Der Abschiebe-Eklat um den Tunesier Sami A. findet kein Ende. Auf diplomatischen Kanälen werden Möglichkeiten gesucht, damit der Islamist nicht zurückkehrt. NRW-Ministerpräsident Laschet hätte sich von der Bundespolitik mehr erwartet.
In das Gerangel um die Rückkehr des abgeschobenen Islamisten Sami A. nach Deutschland kommt Bewegung. Bundesinnenminister Horst Seehofer (CSU) bat seinen tunesischen Amtskollegen Hichem Fourati um eine diplomatische Zusicherung, dass der als Gefährder eingestufte Sami A. in seinem Heimatland nicht misshandelt werde. NRW-Ministerpräsident Armin Laschet (CDU) machte in dieser Sache weiter Druck auf die Bundespolitik. Den Behauptungen der Anwälte von Sami A., der 42-Jährige sei in Tunesien gefoltert werden, schenkte Laschet allerdings keinen Glauben.
Seehofer habe am Donnerstag mit Fourati am Telefon über die noch ausstehende Antwort auf eine entsprechende Verbalnote des Auswärtigen Amtes gesprochen, sagte eine Ministeriumssprecherin. "Das ist das, worauf wir jetzt warten", sagte Laschet. Sowohl Seehofer als auch Außenminister Heiko Maas (SPD) hätten in der Sache "etwas klarer kämpfen können".
Der zuletzt in Bochum lebende Sami A. war Mitte Juli nach Tunesien abgeschoben worden - zu Unrecht, wie das Oberverwaltungsgericht (OVG) in Münster später entschied. Die deutschen Behörden müssen den Tunesier deshalb zurückholen. Die Justiz forderte als Voraussetzung für eine legale Abschiebung eine diplomatische Zusicherung Tunesiens, dass Sami A. keine Folter drohe.
Wenn Tunesien eine derartige Verbalnote abgäbe, könnte das Bundesamt für Migration und Flüchtlinge (BAMF) dies zum Anlass nehmen, einen Antrag nach § 80 Abs. VII Verwaltungsgerichtsordnung an das Verwaltungsgericht (VG) Gelsenkirchen zu stellen. Nach dieser Regelung kann das Gericht bei einer veränderten Sachlage seine frühere Entschungen ändern. Das Gericht hatte bisher in seinen Beschlüssen zu dem Bestehen von Abschiebungsverboten für Sami A. stets klargemacht, dass eine andere Entscheidung denkbar wäre.

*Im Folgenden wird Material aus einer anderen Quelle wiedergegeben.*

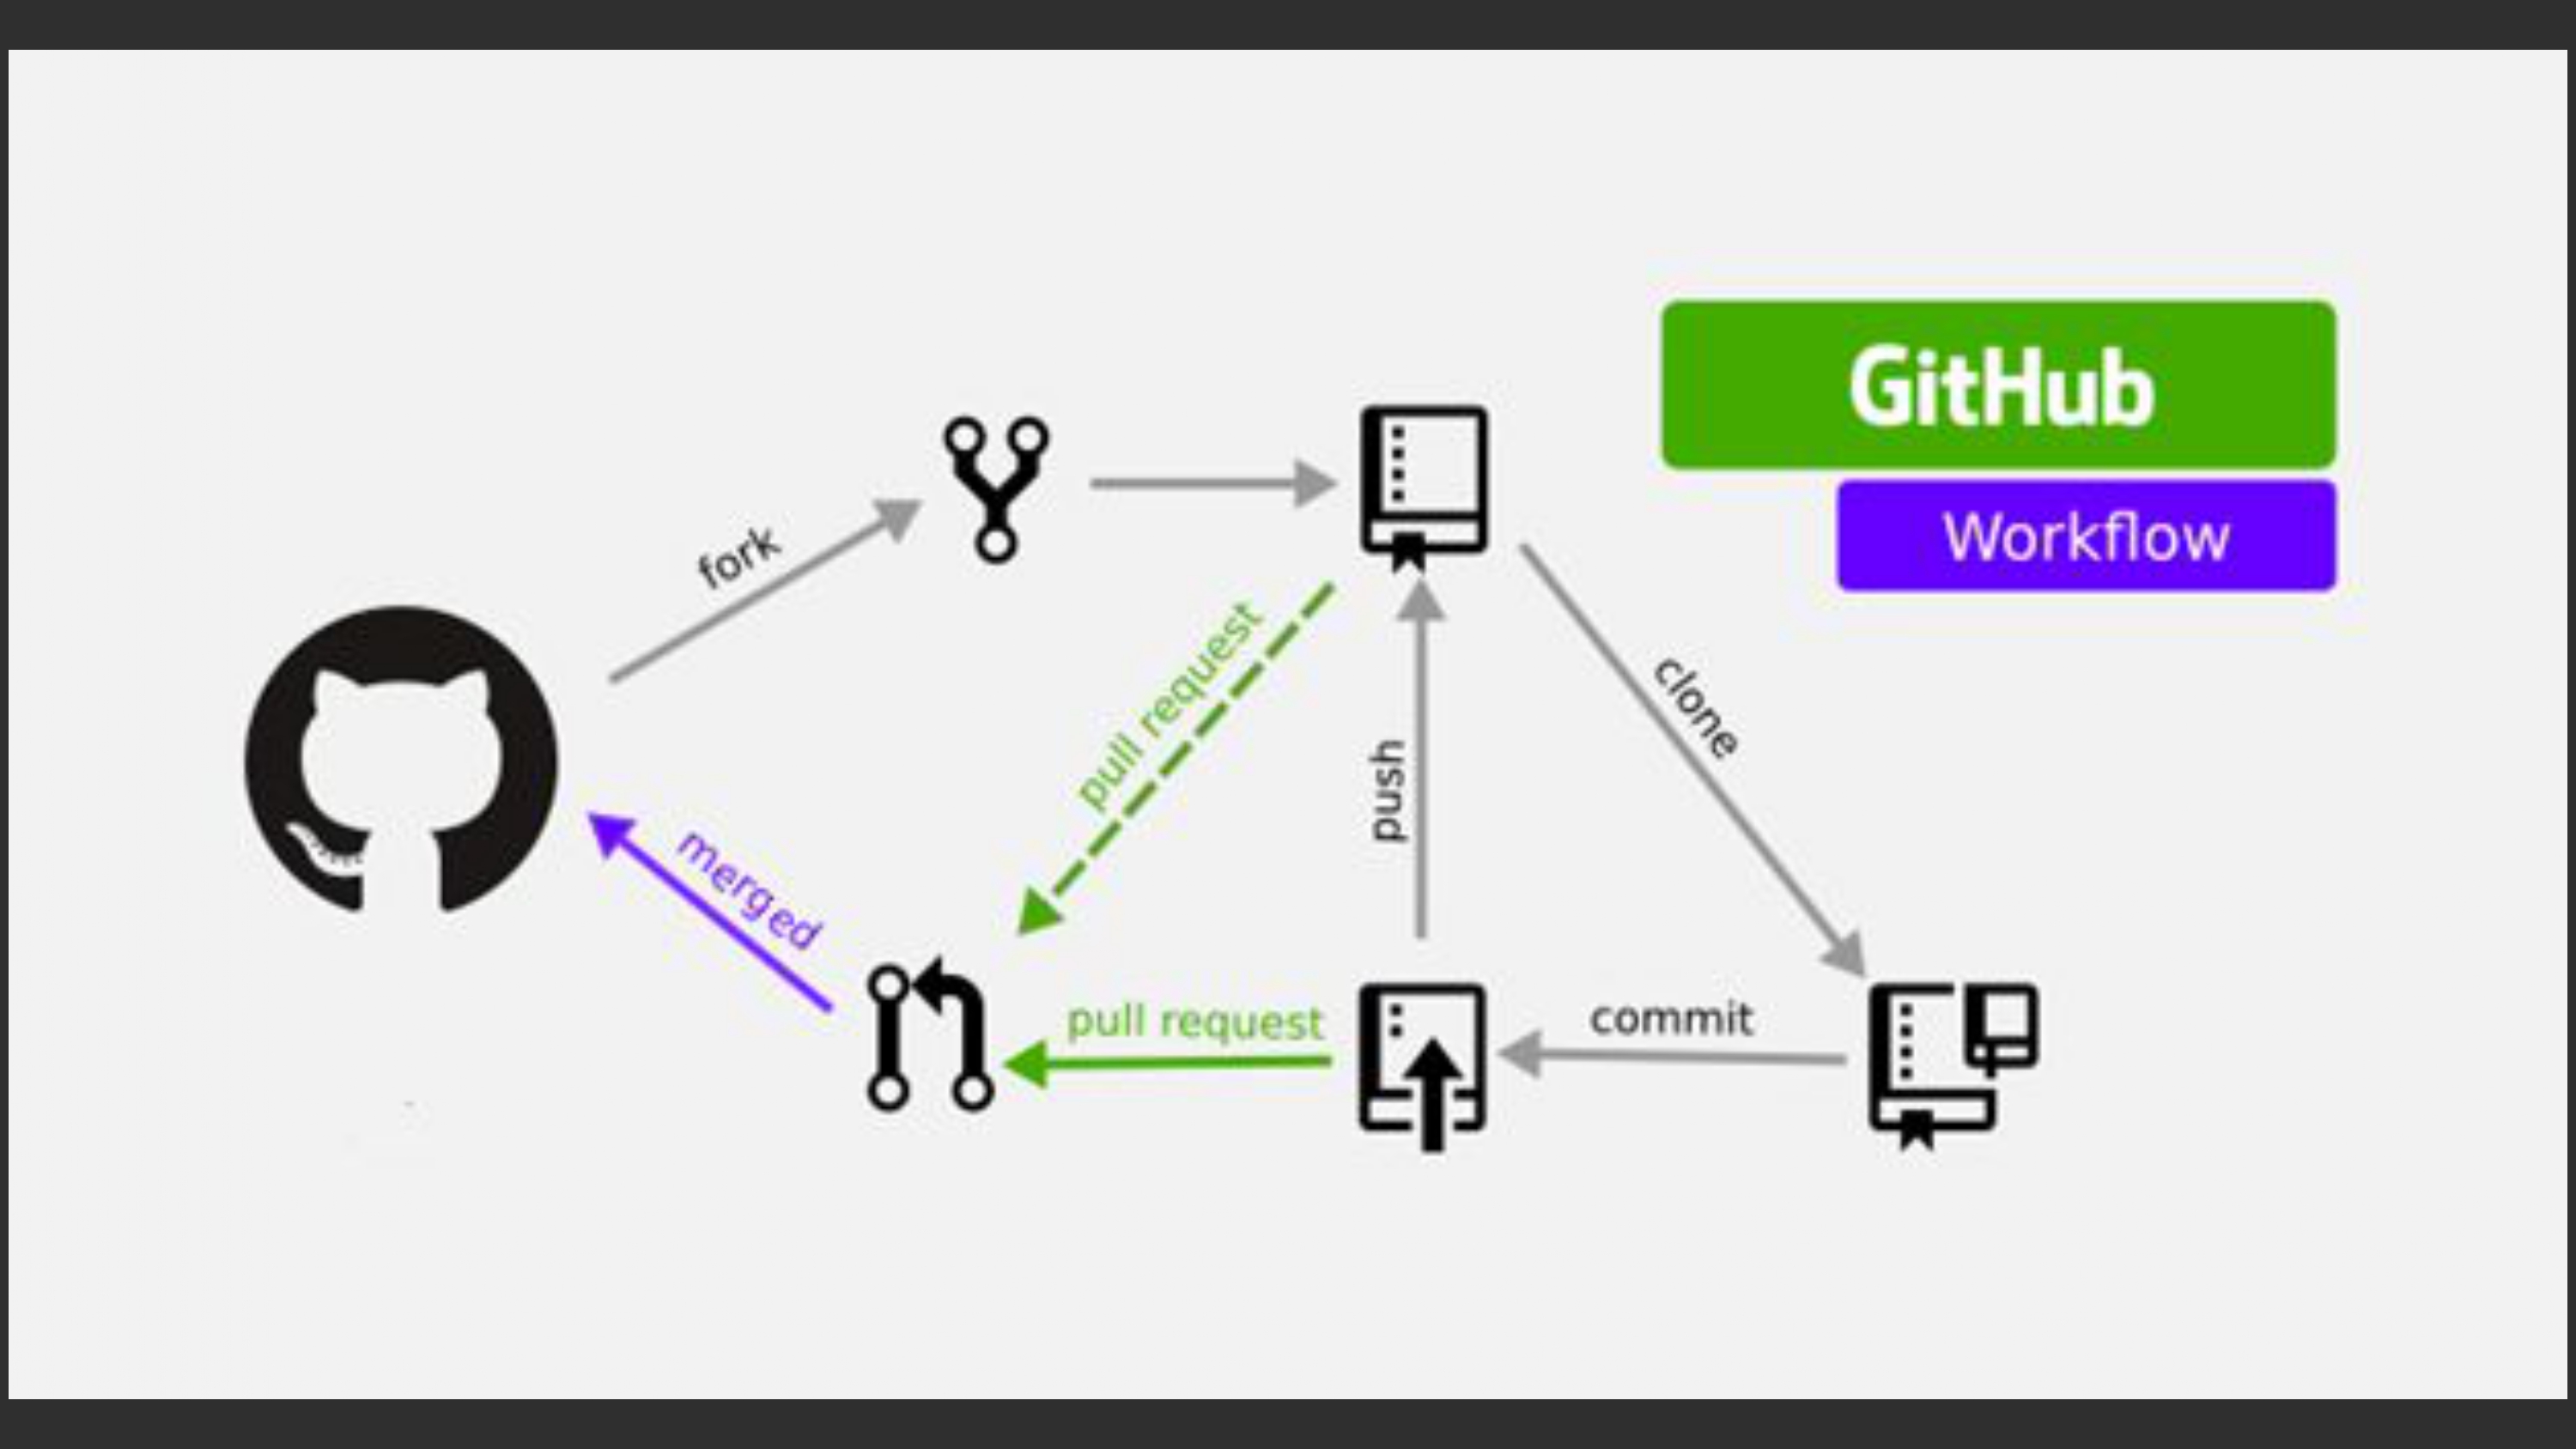 Git is the collaboration tool that software engineers built for themselves. It allows people to work asynchronously, and additional software such as Github builds on Git to allow review and merging of work in an asynchronous manner.

Notwendig wäre allerdings, dass die tunesiche Regierung eine auf Sami A. zugeschnittene, individuelle Zusicherung abgibt, dass dem Mann keine Folter droht. Eine solche lag in der Vergangenheit nie vor. Selbst wenn Tunesien die Verbalnote abgibt: Ohnen einen Antrag des BAMF bleibt die Verpflichtung zur Rückholung bestehen.
Für Laschet ist die Debatte beendet
Laschet bezweifelte Behauptungen der Anwälte von Sami A., ihr Mandant sei im Gefängnis in Tunesien auf eine Weise drangsaliert worden, die als Folter einzustufen sei. Dafür habe er keine Indizien. Auch nach Kenntnis der Bundesregierung gibt es keine Hinweise auf Folter oder Misshandlung durch die tunesischen Behörden. Auf Nachfrage der deutschen Botschaft nach der Verhaftung sei von der tunesischen Seite mündlich ausdrücklich bestätigt worden, dass Sami A. nicht gefoltert oder misshandelt werde, hieß es in einer Antwort der Bundesregierung auf eine Kleine Anfrage der Linken. Sami A. sei nach Ablauf der gesetzlichen Frist aus dem Gewahrsam entlassen worden.
Zugleich stellte Laschet sich hinter seinen wegen der Abschiebung unter Druck geratenen Flüchtlingsminister Joachim Stamp (FDP). Stamp habe "nach bestem Wissen und Gewissen" über die Abschiebung entschieden. Das OVG habe Stamps Rechtsauffassung dann als falsch angesehen. Nun werde die höchstrichterliche Entscheidung zur Rückholung auch umgesetzt. Das gehöre auch zur Rechtsstaatskultur. "Ich halte es für überzogen, jetzt den Rechtsstaat in Gefahr zu sehen", sagte Laschet. "Für mich ist die Debatte beendet."
OVG-Präsidentin Ricarda Brandts hatte den zuständigen Behörden im Fall Sami A. vorgeworfen, der Justiz Informationen vorenthalten zu haben. Der Fall belaste das bisherige Vertrauensverhältnis zwischen Gerichten und Behörden.